Image registration is typically formulated as an optimization problem of the form

γ*= argmin γλ Reg [Φ1(γ)]+ Sim [I0Φ1(γ),I1]. (2.1)

Here, γ parameterizes the deformation, Φ, λ ≥ 0, Reg[·] is a penalty encouraging spatially regular deformations and Sim[·, ·] penalizes dissimilarities between two images (e.g., sum-of-squared differences, cross-correlation or mutual information [20]). For low-dimensional parameterizations of Φ, e.g., for affine or B-spline [36, 29] models, a regularizer may not be necessary. However, non-parametric registration models [30] represent deformations via displacement, velocity, or momentum vector fields and require regularization for a well-posed optimization problem.
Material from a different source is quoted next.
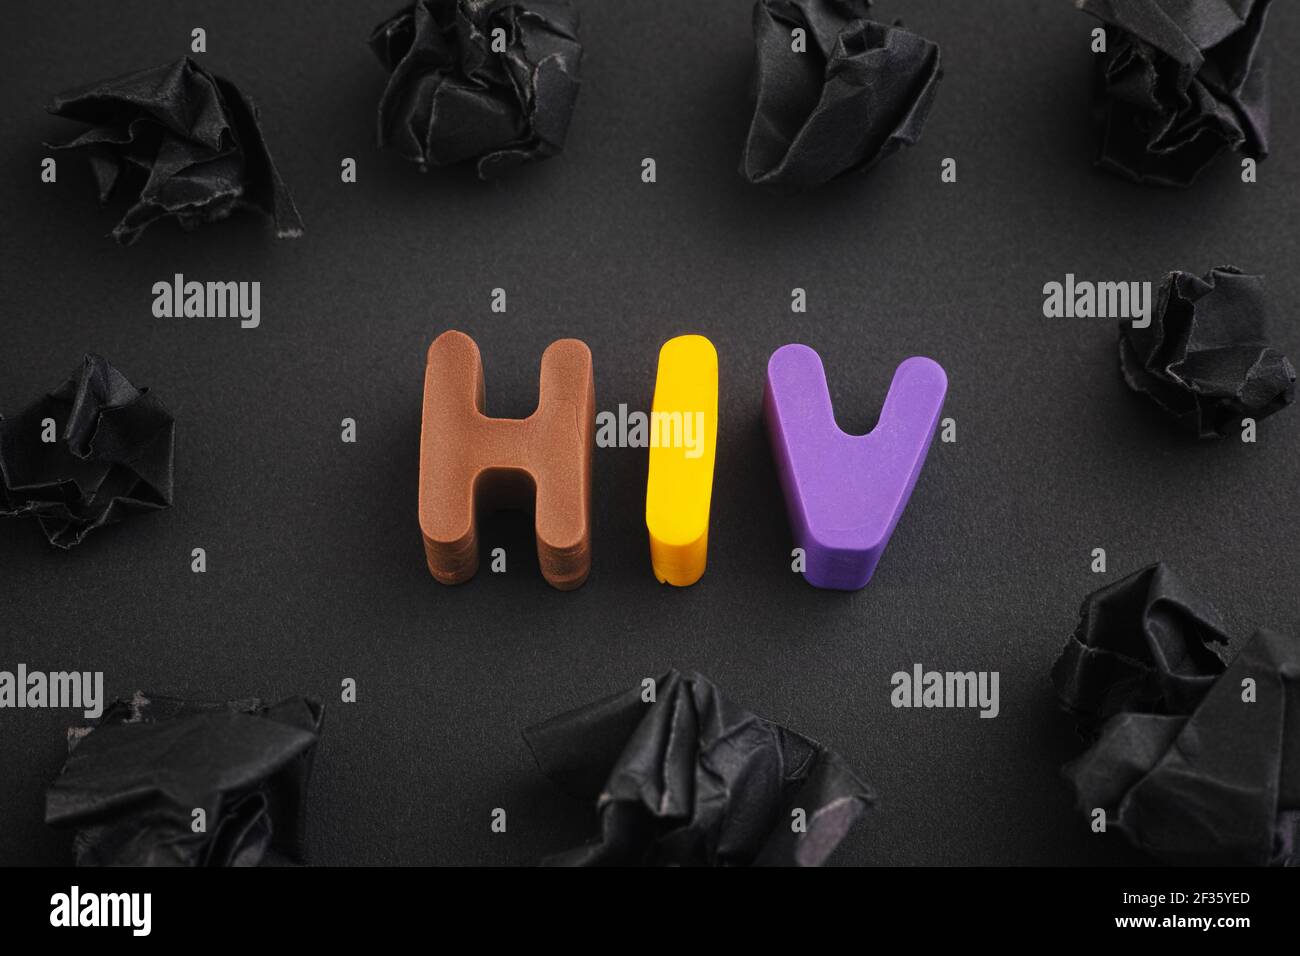 L'abbreviazione HIV è composta da lettere di argilla polimerica con alcune palle di carta nera sbriciottita intorno ad essa. Primo piano. Foto Stock

In medical image analysis, diffeomorphic transformations, Φ, are often desirable to smoothly map between subjects or between subjects and an atlas space for local analyses. Diffeomorphisms can be guaranteed by estimating sufficiently smooth [14] static or time-varying velocity fields, v. The transformation is then obtained via time integration, i.e., of Φt(x, t) = v ○ Φ(x, t) (subscript t indicates a time derivative). Examples of such methods are the static velocity field (SVF) [42] and the large displacement diffeomorphic metric mapping (LDDMM) registration models [4, 44, 18, 1].

Non-parametric registration models require optimization over high-dimensional vector fields, often with millions of unknowns in 3D. Hence, numerical optimization can be slow. Recently, several approaches which learn a regression model to predict registration parameters from large sets of image pairs have emerged. Initial models based on deep learning [13, 24] were proposed to speed-up optical flow computations [22, 3, 8, 7, 49, 40]. Non-deep-learning approaches for the regression of registration parameters have also been studied [46, 45, 10, 9, 16]. These approaches typically have no guarantees on spatial regularity or may not straightforwardly extend to 3D image volumes due to memory constraints. Alternative approaches have been proposed which can register 3D images [35, 38, 12, 23, 2, 15] and assure diffeomorphisms [47, 48]. In these approaches, costly numerical optimization is only required during training of the regression model. Both end-to-end approaches [12, 23, 2, 15] and approaches requiring the desired registration parameters during training exist [47, 48, 35]. As end-to-end approaches differentiate through the transformation map, Φ, they were motivated by the spatial transformer work [25].

One of the main conceptual downsides of current regression approaches is that they either explicitly encode regularity when computing the registration parameters to obtain the training data [47, 48, 35], impose regularity as part of the loss [23, 2, 15] to avoid ill-posedness, or use low-dimensional parameterizations to assure regularity [38, 12]. Consequentially, these models do not estimate a deformation model from data, but instead impose it by choosing a regularizer. Ideally, one would like a registration model which (1) regularizes according to deformations present in data, (2) is fast to compute via regression and which (3) retains desirable theoretical properties of the registration model (e.g., guarantees diffeomorphisms) even when predicting registration parameters via regression.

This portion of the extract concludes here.